The growing importance of the social media in making news dissemination more democratic — not to be confused with accurate — is reason enough to begin this column with a tweet from Congress MP Shashi Tharoor, certainly a pioneer in this field. In a tweet on June 10 morning, Mr Tharoor wrote disbelievingly of the new information and broadcasting minister, the affable Prakash Javadekar: “Javadekar wants to abolish Information & Broadcasting Ministry. We heard the same thing from his predecessor L.K. Advani — in 1977!”


A 140-character message may be way too brief for Mr Tharoor to spell out whether he thought Mr Javadekar was bluffing or whether he believed that the commitment Mr Advani made in 1977 when the Janata Party came to power in a similar mood of optimism and expectancy was past its sell-by date. Needless to say Mr Tharoor will elaborate in due course, unless what he really believes is potentially too unpalatable to the Praetorian guards of the Congress.
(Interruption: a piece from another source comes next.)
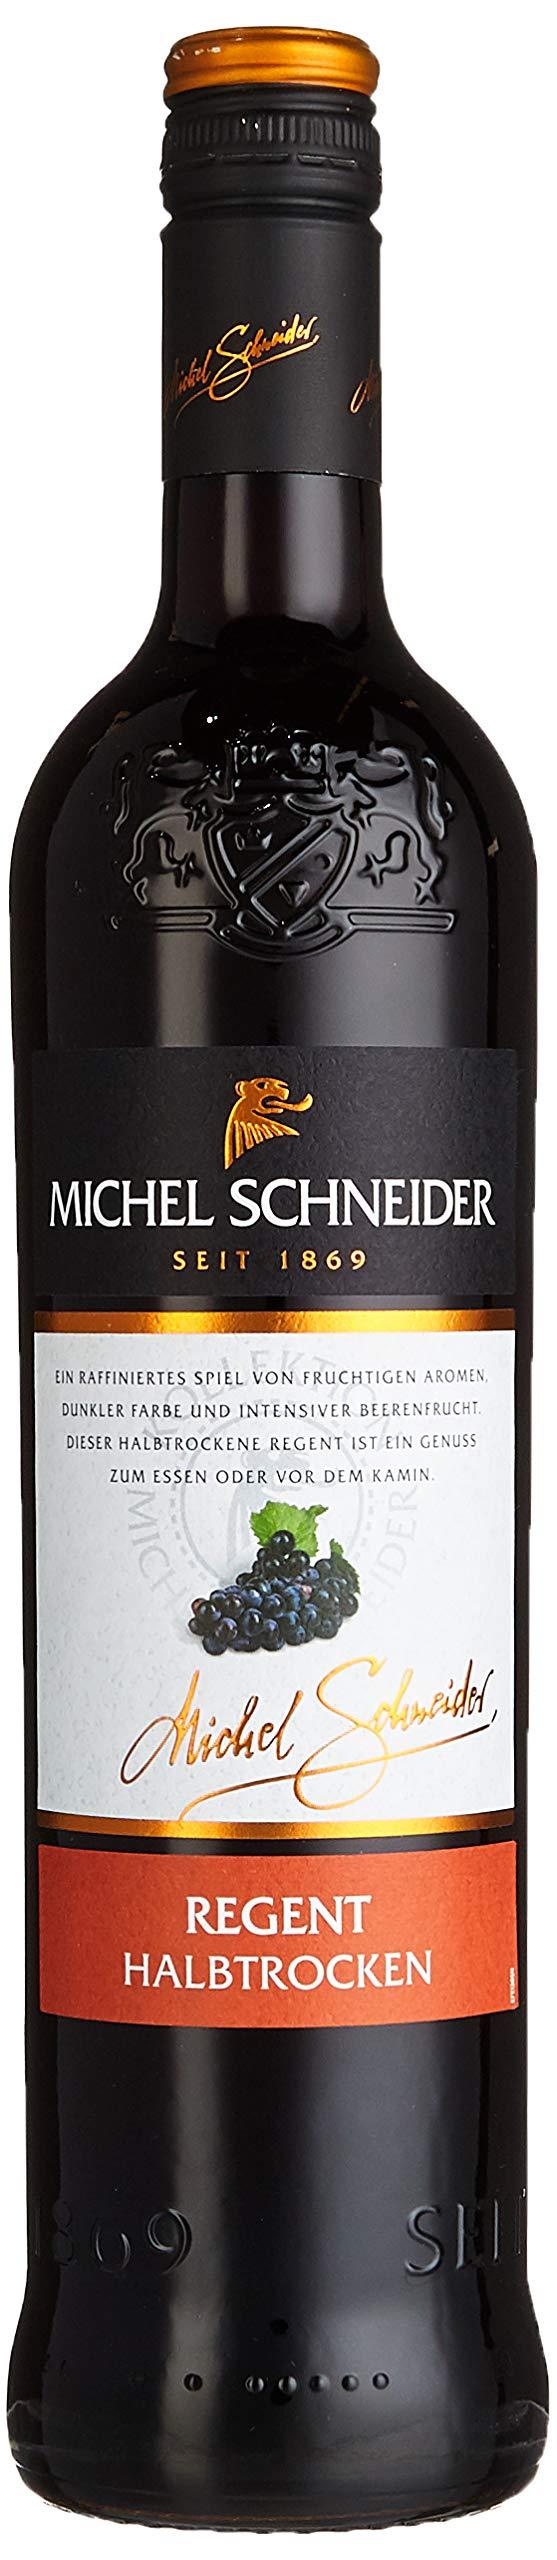 Michel-Schneider-Regent-Halbtrocken-6-x-075-l

There is, needless to say, a huge difference between 1977 and 2014. In 1977, the media was a relatively small industry made up of two parts: a state-controlled electronic media and a private sector-owned press. In reality, the control of the state on the private sector media was formidable. The newspapers and magazines had to depend on the State Trading Corporation (or its approved dalals) for imported newsprint; the public sector and the government were the biggest advertisers and the rates were set by a body called Directorate of Audio-Visual Publicity (DAVP); and even the pay of those employed in the media was determined by a government-appointed Pay Commission. In theory, Nehru’s India had a free press but in practice its soul was mortgaged to the government. Yes, there were the stray voices of dissent — promptly debunked as the “jute press” by the socialist ministers — but in the main, as Mr Advani expressed it evocatively, “when asked to bend, they crawled”.
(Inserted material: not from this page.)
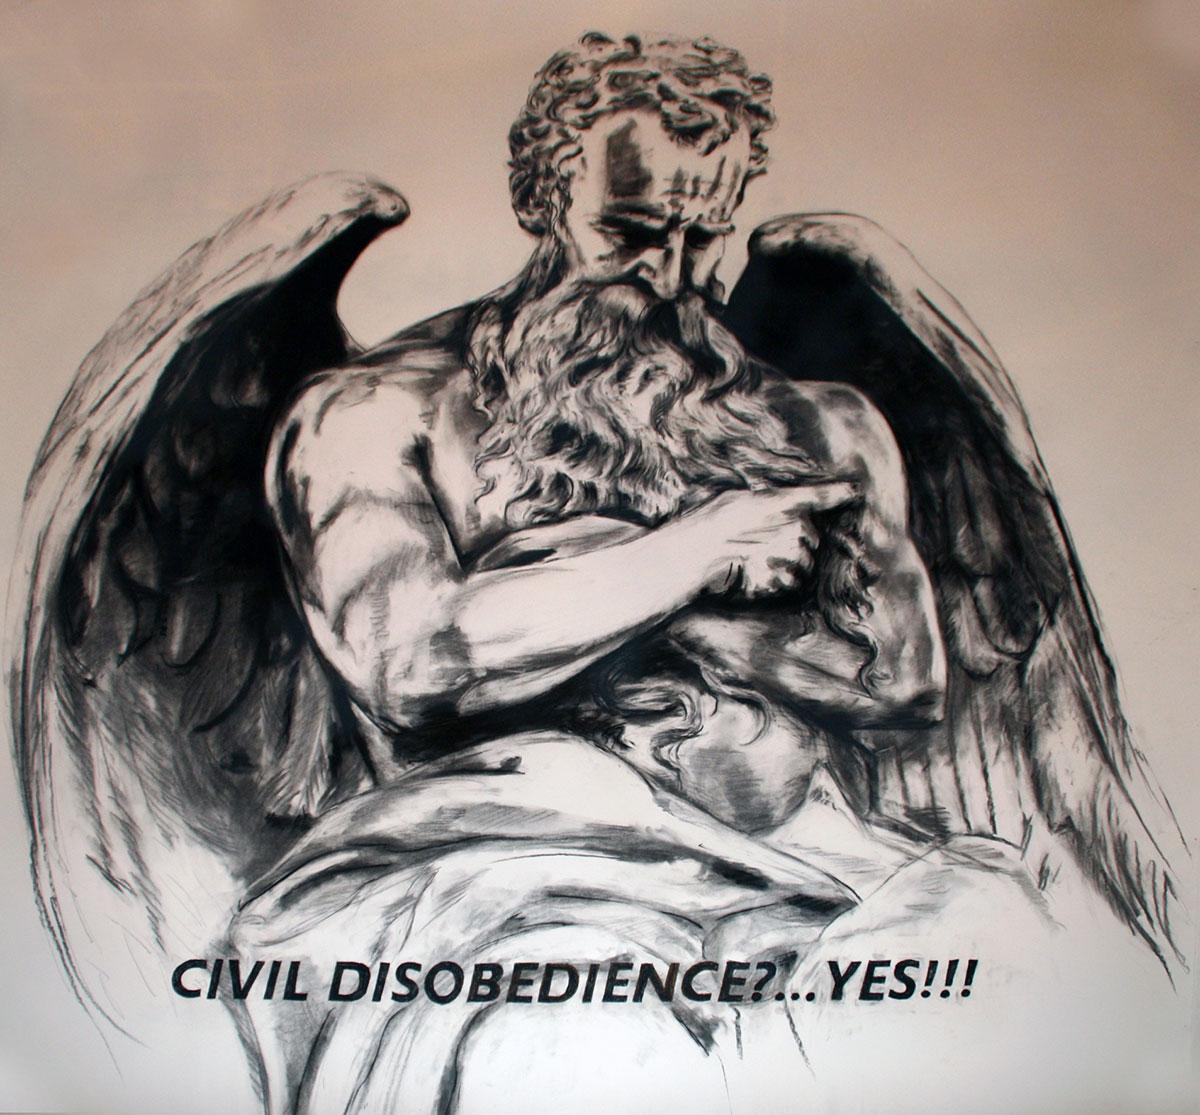 civildisobedience_1200

In such an oppressive climate — now the subject of undeserved nostalgia from a handful of old-timers who were beneficiaries of the system — the I&B ministry was the all-powerful ministry of propaganda. Although old-timers in Nehru’s government obsessed more about the quality of Hindi and the use of the harmonium, I&B acquired a sinister reputation after Indira Gandhi split the Congress in 1969. With Communist fellow-travellers running the show, All India Radio began to be derisively referred to as All Indira Radio in the early-1970s, when I.K. Gujral was I&B minister. By the time V.C. Shukla became minister during the Emergency, I&B ministry became a Soviet-style bureau of propaganda and censorship. It was in this context that Mr Advani bravely suggested that a separate corporation — loosely modelled on the BBC — be established to insulate AIR and Doordarshan from intrusive government control.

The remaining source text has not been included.